Every room. Every closet. Every bed. Surely, he just burrowed under covers and went back to sleep. Melody remembers his 'thinking rock' on the side of the house and we run out to find it empty. Trampoline. Playscape. Garden. Barn. Shed. Front yard. Back yard. Back back yard.
Nothing.
The sky is just beginning to lighten as I call 911. I call into work, letting them know of my delay. Look, look, look. I keep looking at the time, irate that the police surely taking their time, only to realize that time has frozen. Each time I certain that ten or fifteen more minutes have passed it's one or two. There's no where else to look, so I recheck the front yard. Both porches. Green cave. Side yard. Back of the van. Under the van. Along the fence line. Every shadowy corner.
Nothing.
They finally pull up and start with rechecking the house. Certain he cannot be there, two cars begin slowly cruising the neighborhood. Two men start sweeping neighboring backyards. Two more scour our enormous backyard and one stays in the house just in case.
Policeman number eight is asking questions. I am shocked to realize that I know the answers.

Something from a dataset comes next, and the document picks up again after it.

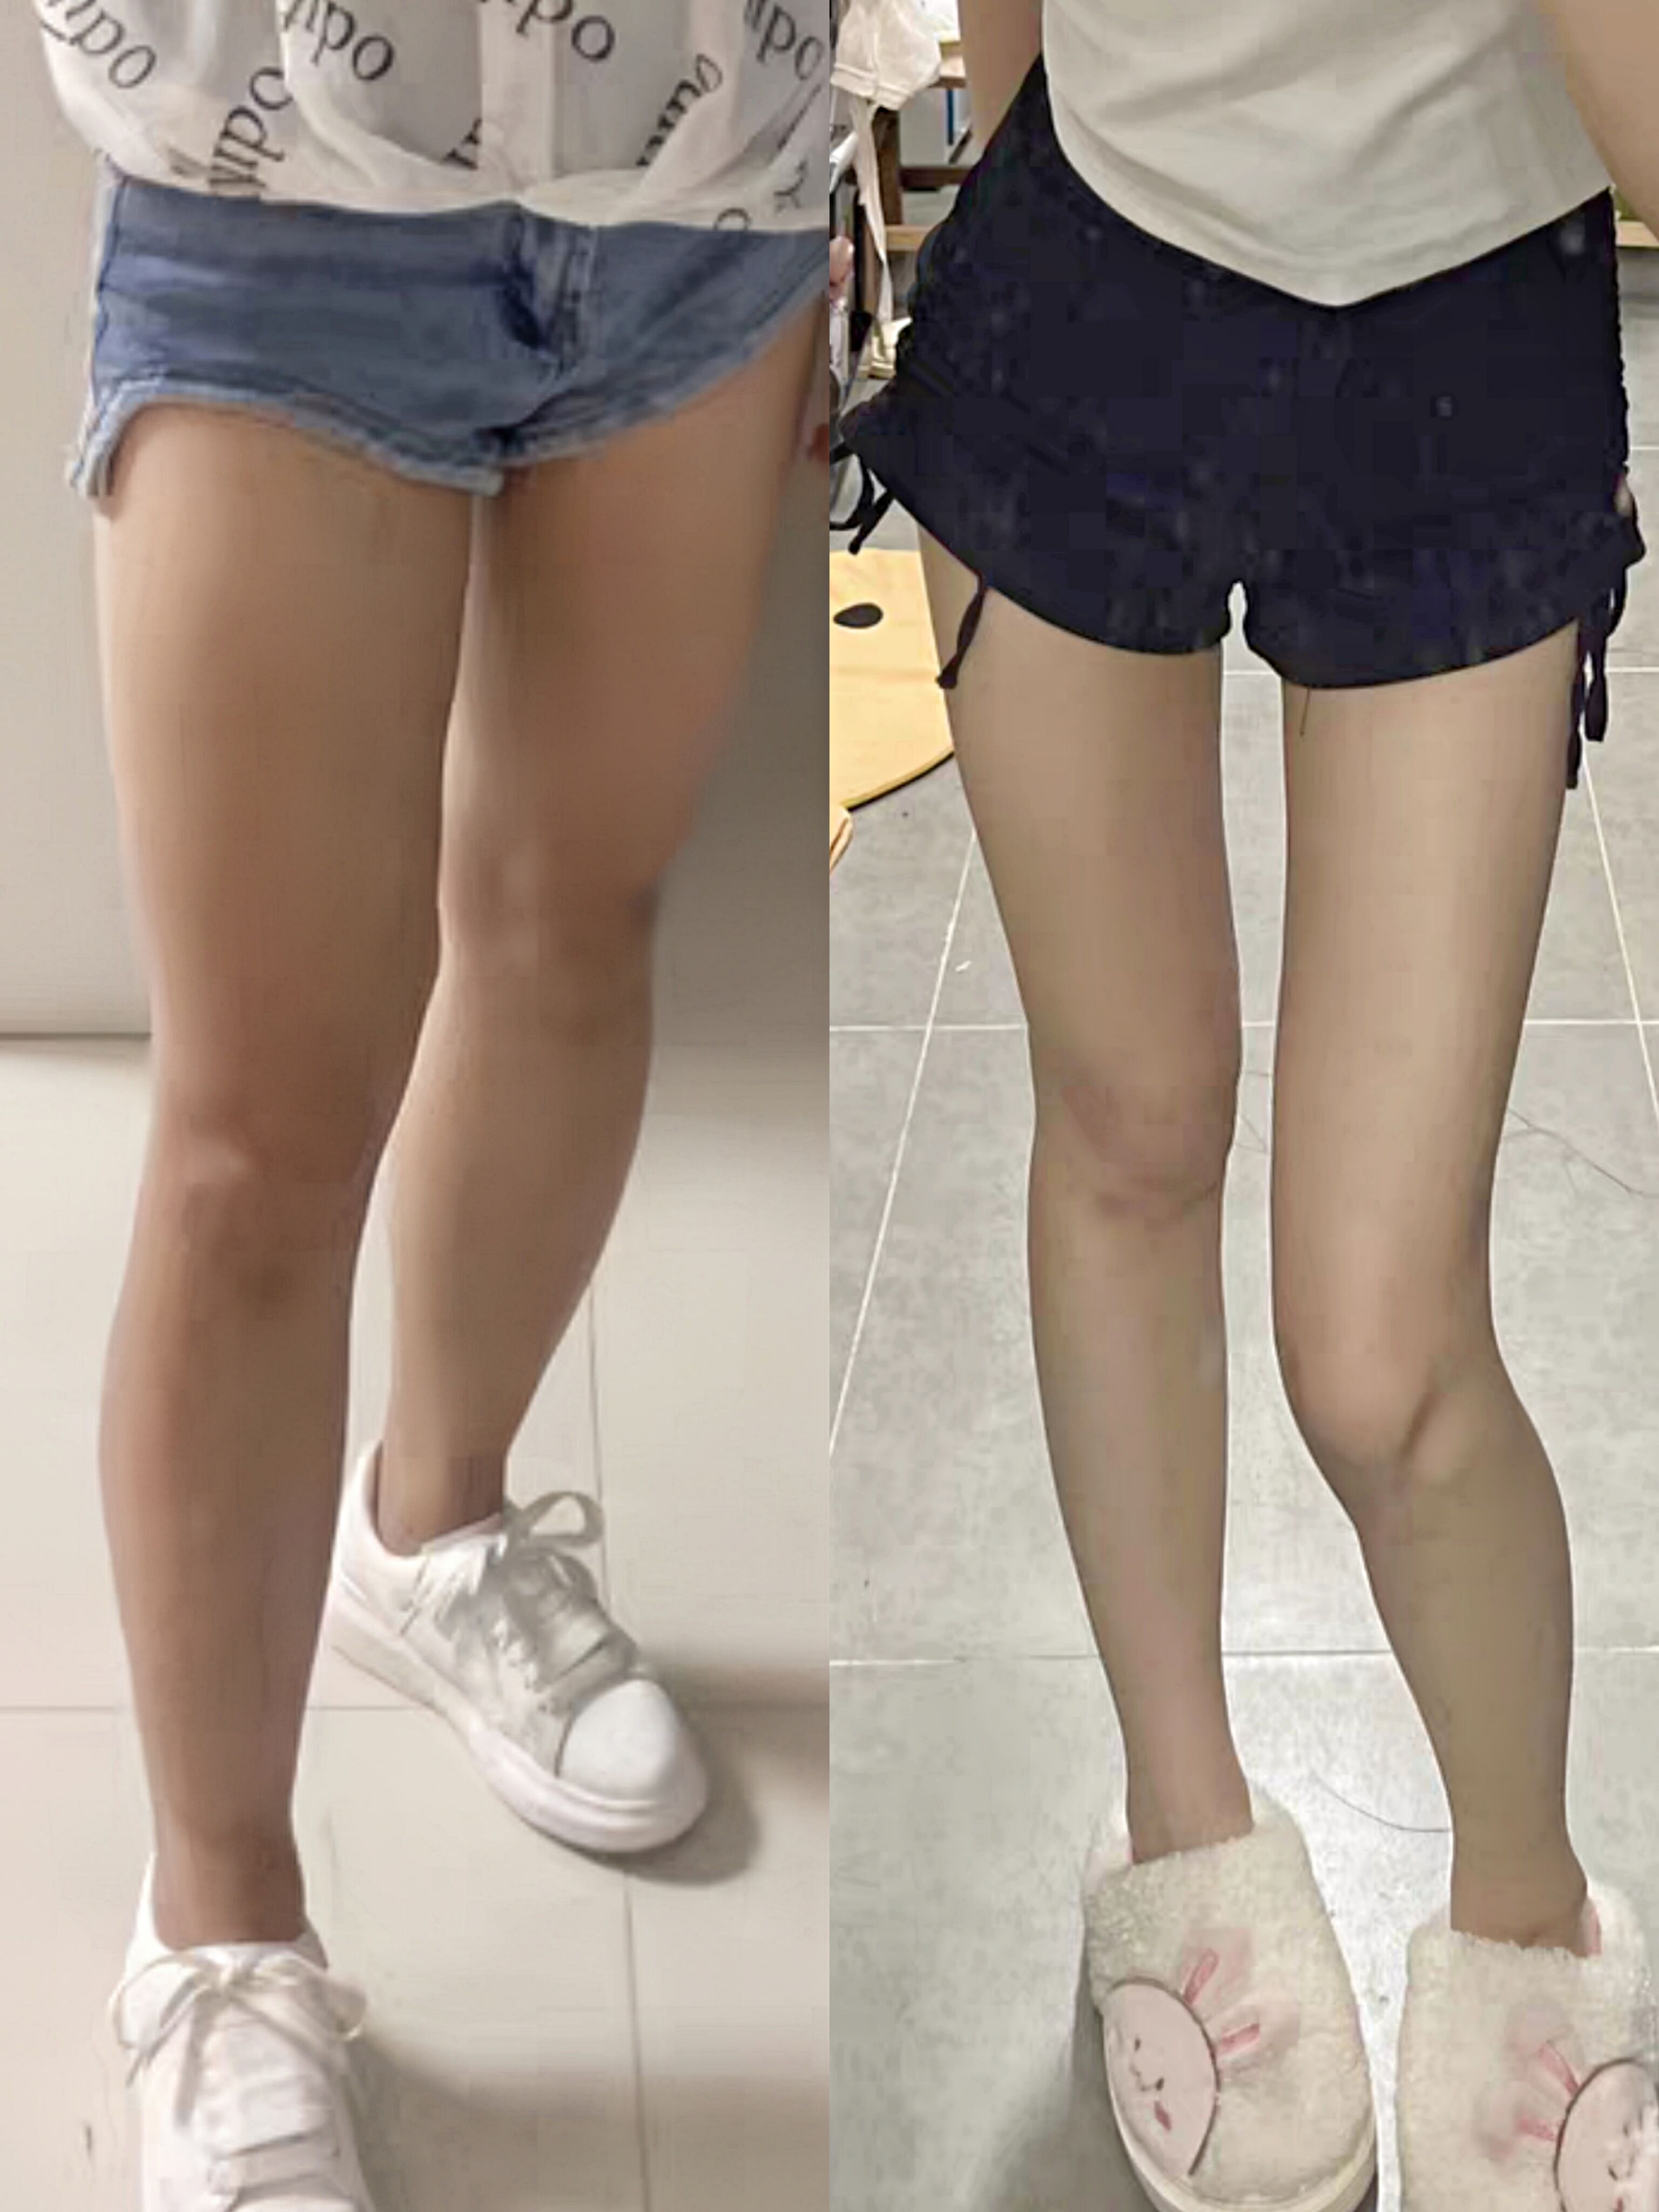 瘦腿前后对比照片图片

For once, I can tell you exactly what he has on, how much he weighs and what his height is.
After a forty-five minute search, they start widening the area. A detective is on his way to collect information for the Amber Alert and the discussion of 'people you may have pissed off' begins.
A policeman walks up to the yard from a slightly different angle and sees one small leg in the beam of his headlights. The boy-in-a-ball is no longer concealed by the shadows of the tire, dumpster and crepe myrtle triangle.
Hugs. Real kisses. Protests of only loving imbisible kisses that are silenced by more hugs and real kisses.
At first, I assumed he'd found him in a neighbor's yard and brought him back, but this afternoon's re-enactment places him by PennyVann. The officer thought he may have been laying under the vehicle, but he wasn't dirty. I know I looked under that van. I know I looked along the side. I just don't know.
And at one point I almost asked the officer if I should leave to take the girls to school so that they'd be out of the way if this became a longer ordeal. Which would have rendered him either found or flattened as I left the driveway.
The thing that gets to me is that Charlie was perfectly still and silent for almost an hour. I would never have thought that possible. When we called his name, he did not say anything. He was too angry at the terrible mother who was taking him from a Lego Place to a non-Lego Place.
I tell you, it's been a week. This was the biggest of five big things Charlie did that were completely out of his character. Each time, his response was always 'I didn't know I wasn't supposed to' or 'but I didn't want to do' whatever it was he was supposed to be doing. He knew. He completely knew. And yet, he still did.
And all I could think was that I'd already been to one child's funeral this week. A friend from childhood lost her fourteen-year-old to juvenile diabetes. I kept looping through the thought that I can't go through what Marlo is going through. I just can't.
Because I just knew he'd rekindled his three-year-old fondness for standing in the middle of the street and that, in the black pre-dawn, this time they wouldn't stop.
Fortunately, later in the day, the car backing up in the Target parking lot heard my hawk-like screech and stopped as Melody jumped out of the way. And, even more fortunately, no attempt was made on Dixie's life.
Oh, what a day.
3 comments:
Whoa, I think you need more hugs than I can give you virtually! <3
Huge hugs, Gretchen.
Hugs and kisses for all.
Stay home and rest up as much as you can.